00:28 < icinga-wm> PROBLEM - Host db2064 is DOWN: PING CRITICAL - Packet loss = 100%
ILO logs:
/system1/log1/record9 Targets Properties number=9 severity=Critical date=05/21/2018 time=00:26 description=System Power Fault Detected (XR: 14 00 MID: FF 4D FC CE C0 FF FF 32 32 0C 0C 40 9C 00 00 01 0F 47 00 00 00 00 00 00 00 00 00 00 00 00 00 00)
UPDATE
- This server is not coming back and should be decommissioned **
Decommission Checklist
- - all system services confirmed offline from production use - should be done by DBA team: https://gerrit.wikimedia.org/r/#/c/434527/
- - set all icinga checks to maint mode/disabled while reclaim/decommmission takes place. https://gerrit.wikimedia.org/r/#/c/434297/
- - remove system from all lvs/pybal active configuration - should be done by DBA team
- - any service group puppet/heira/dsh config removed - should be done by DBA team
- - remove site.pp (system cannot be powered on, so remove it directly from site.pp - no need to add role spare.) - should be done by DBA team
A few of these steps cannot be done as the server is not booting up.
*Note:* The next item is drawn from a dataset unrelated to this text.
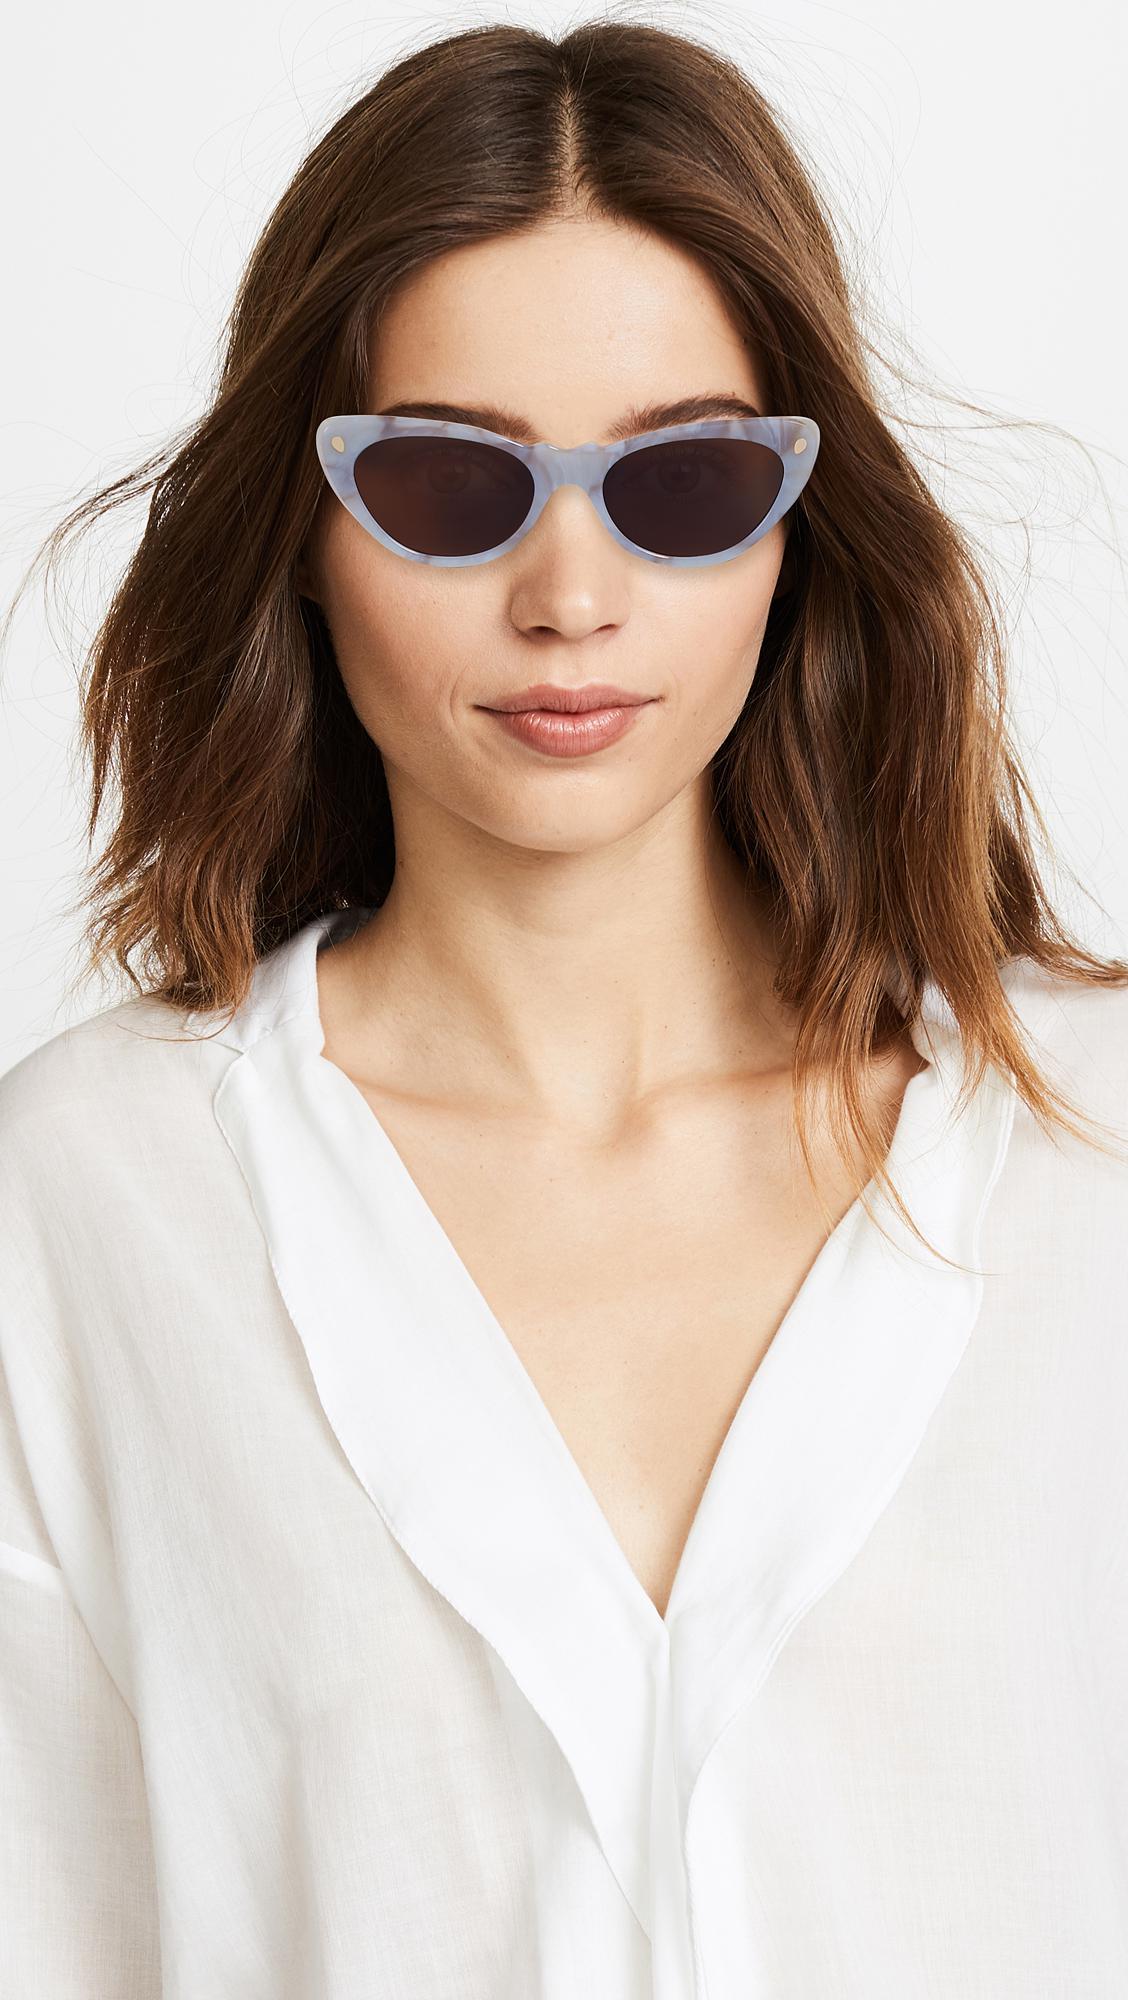 e45dfd3a0a Lyst - Lucy Folk Slice Of Heaven Sunglasses - Save 48%

START NON-INTERRUPPTABLE STEPS - please assign to @RobH for the non-interrupt steps
- - disable puppet on host (cannot be done - system offline)
- - power down host (already done, the system cannot be back online)
- - disable switch port
- - switch port assignment noted on this task (for later removal): asw-d-codfw:ge-6/0/12
- - remove all remaining puppet references (include role::spare)
- - remove production dns entries
- - puppet node clean, puppet node deactivate
END NON-INTERRUPPTABLE STEPS
- - system disks wiped (by onsite)
- - system unracked and decommissioned (by onsite), update racktables with result
- - switch port configration removed from switch once system is unracked.
- - add system to decommission tracking google sheet
- - mgmt dns entries removed.